A Ford encerrou 2008 com US$ 24 bilhões em caixa - mas a maior parte vem de empréstimos.

A Ford está numa situação financeira melhor do que as suas rivais General Motors e Chrysler, e reiterou que não precisará de ajuda federal, a não ser que a economia piore significativamente ou que uma de suas concorrentes entre com pedido de reestruturação financeira ou concordata.

"A Ford e toda a indústria automobilística enfrentaram desaceleração extraordinária em todos os principais mercados do mundo no quarto trimestre, fato que claramente teve impacto nos nossos resultados", disse o presidente mundial da Ford, Alan Mulally.

"Continuamos a tomar as medidas decisivas e necessárias para reduzir a produção - em resposta à demanda mundial menor - e diminuir os custos, atitudes que permitirão à empresa conter o fluxo de caixa negativo em 2009 e deixarão a Ford em posição de crescer quando a economia se recuperar", disse Mulally.

A Ford perdeu US$ 5,9 bilhões, ou US$ 2,46 por ação, nos últimos três meses de 2008. As vendas de automóveis nos EUA caíram muito por causa do aperto do mercado de crédito.

Os próximos meses não parecem muito promissores.
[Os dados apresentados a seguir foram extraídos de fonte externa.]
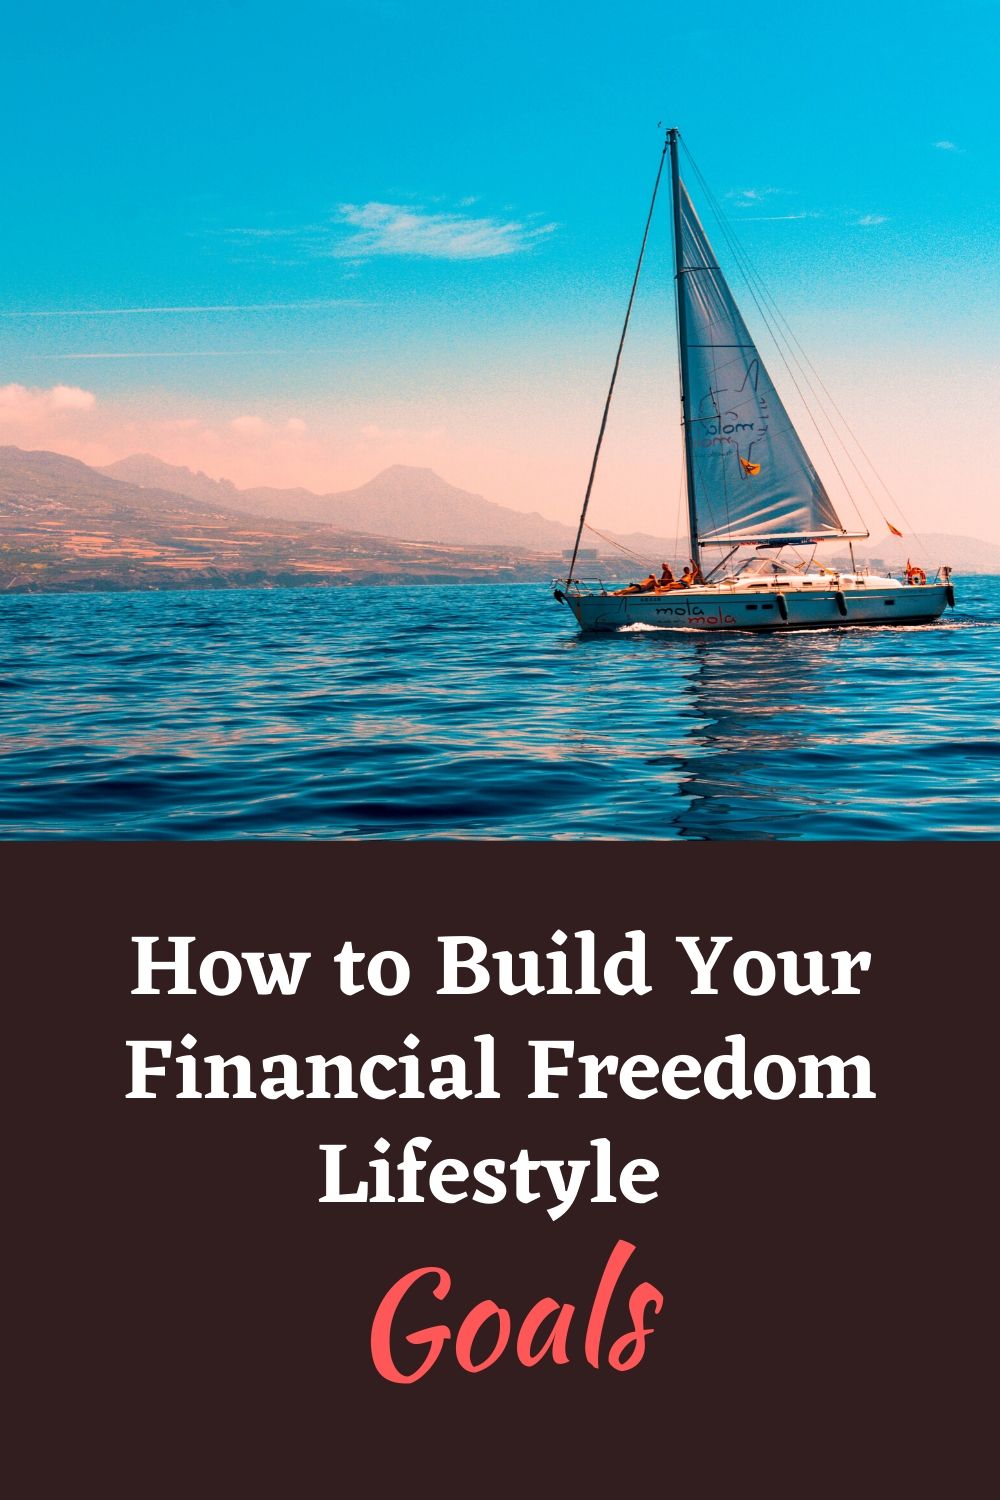 How to Build Your Financial Freedom Lifestyle Goals

Economistas esperam que a economia continue em contração até pelo menos julho, mas acreditam que a deterioração ocorrerá num ritmo mais lento a partir do segundo trimestre. Isso faria desta recessão a mais longa desde a década de 30, superando em longevidade as crises da década de 70 e do início da década de 80. A taxa de desemprego, que saltou para o seu maior índice em 16 anos, chegando a 7,2% em dezembro, deve aumentar ainda mais.
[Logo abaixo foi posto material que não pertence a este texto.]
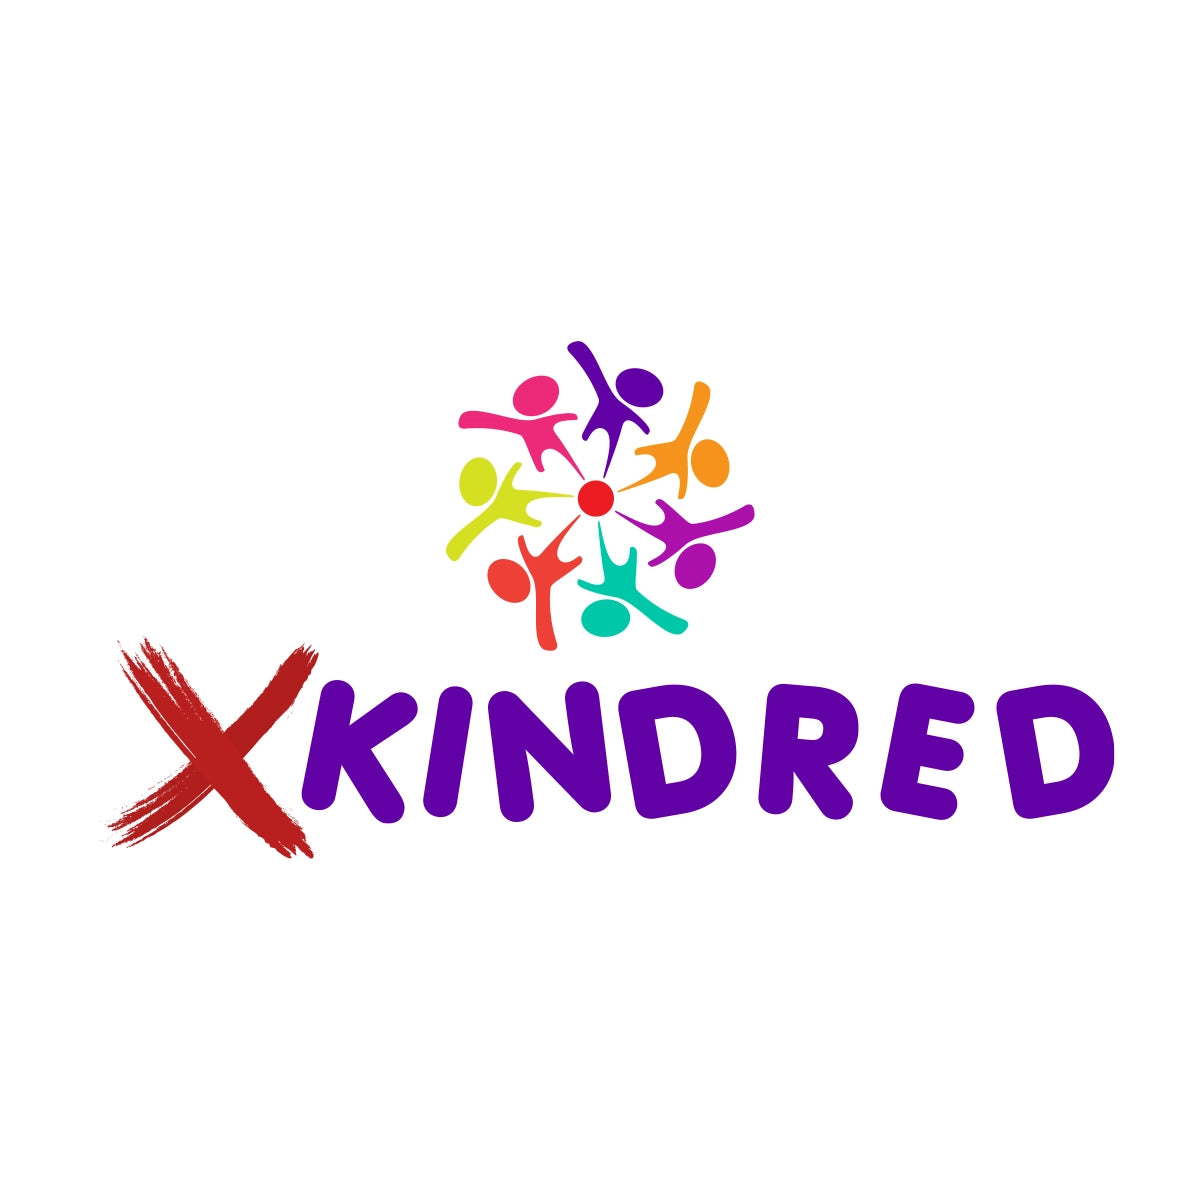 xkindred.com

A receita da Ford no quarto trimestre foi de US$ 29,2 bilhões, uma queda de 36% ante os US$ 45,5 bilhões registrados em igual período de 2007.

A perda anual de US$ 14,6 bilhões, equivalente a US$ 6,41 por ação, foi mais de cinco vezes superior à perda observada em 2007, que chegou a US$ 2,7 bilhões, ou US$ 1,38 por ação. Foi também superior à perda de US$ 12,7 bilhões registrada em 2006 , o recorde anterior para a empresa de 105 anos de idade.

A empresa planeja recorrer às linhas de crédito disponibilizadas a ela em busca de US$ 10,1 bilhões adicionais no primeiro trimestre. A Ford afirmou também que o Sindicato dos Trabalhadores da Indústria Automotiva (UAW) concordou em pôr fim ao seu controvertido programa de banco de empregos, o qual continua a pagar os funcionários da fábrica depois de os seus postos de trabalho terem sido eliminados.

Juntas, Chrysler e GM já tomaram emprestados US$ 13,4 bilhões do governo federal para evitar a falência. A Ford disse que desejava uma linha de crédito de US$ 9 bilhões, à qual recorreria em caso de necessidade.

Além da montadora, a Ford Credit, braço financeiro da empresa, relatou perda líquida de US$ 1,5 bilhão em 2008, ante ganho de US$ 775 milhões no mesmo trimestre de 2007. A empresa vai cortar cerca de 1,2 mil empregos, ou 20% da sua força de trabalho.